De Quincey, in his essay on Samuel Taylor Coleridge, while treating of the subject of Plagiarism, several minor charges of which he had just been firing off in his blind endeavor to do Coleridge good by destroying his good name forever, admits that said minor charges amount to nothing as plagiarism; but says, that “now we come to a case of real and palpable plagiarism.” The case arises in the “Biographia Literaria.” De Quincey says, regarding a certain essay on the esse and the cogitare, that Coleridge had borrowed it from beginning to end from Shelling.
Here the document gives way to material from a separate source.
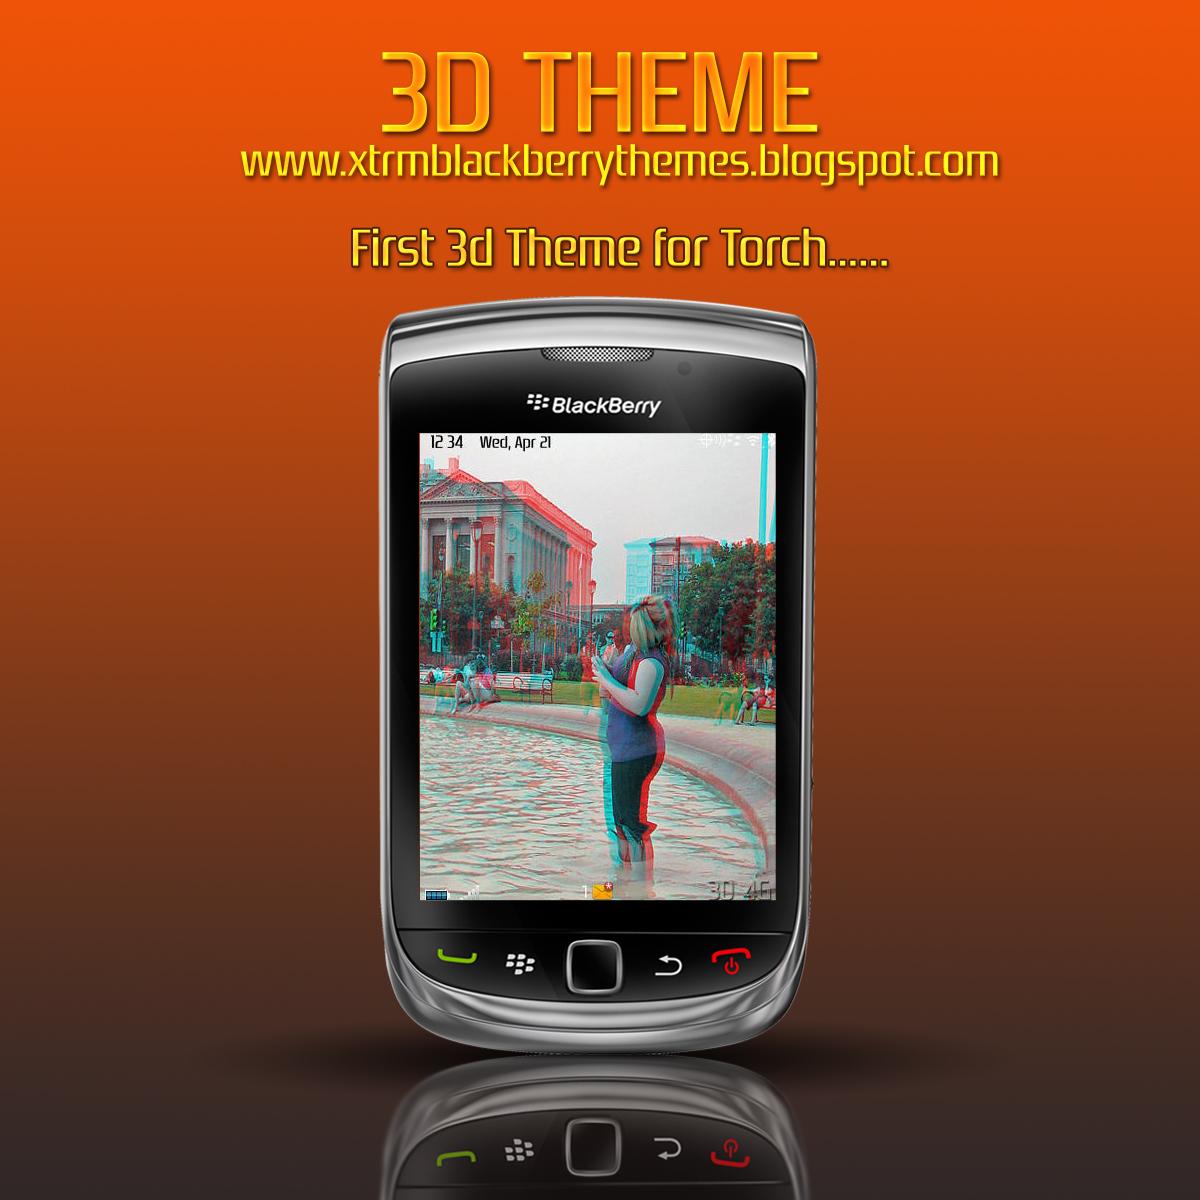 http://2.bp.blogspot.com/-i0fhKLtGnTk/Tpfmj7bS2pI/AAAAAAAAAT8/05u7iq-xxhA/s1600/Wallpaper+Main+screen.jpg

But that before doing so, being aware of the coincidence, he remarks that he would willingly give credit to so great a man when the truth would allow him to do so, but that in this instance he had thought out the whole matter himself, before reading the works of the German philosopher. Now the truth is, Coleridge said nothing of the kind. He first warned his readers that an identity of thought or expression, would not always be evidence that the ideas were borrowed from Shelling, or that the conceptions were originally learned from him. They (Coleridge and Shelling) had taken about the same course in their philosophical studies, etc.

He says: “God forbid that I should be suspected of a wish to enter into a rivalry with Shelling for honors so unequivocally his right, not only as a great and original genius, but as the founder of the philosophy of nature, and the most successful improver of the dynamic system,” etc. He then says: “For readers in general, let whatever coincides with or resembles the doctrines of my German predecessor, though contemporary, be wholly attributed to him, provided that the absence of direct references to his works, which I could not always make with truth, as designating thoughts or citations actually derived from him, and which, with this general acknowledgment, I trust would be unnecessary, be not charged on me as intentional plagiarism or ungenerous concealment.” This is what he did say, and a sufficient acknowledgment for anything borrowed from Shelling. He then says that he had been able to procure but two of Shelling’s books, in addition to a small pamphlet against Fichte. The above is from the prefatory remarks to which De Quincey alludes, but his memory must have been gone on a “wool-gathering” at the time.

Instead of gaining, Coleridge is the loser by adopting the language of Shelling in his treatise on the transcendental philosophy in the “Biographia Literaria.”

Having made over to Shelling everything that resembled or coincided with the doctrines of the latter, he lost much of the most important labors of his life.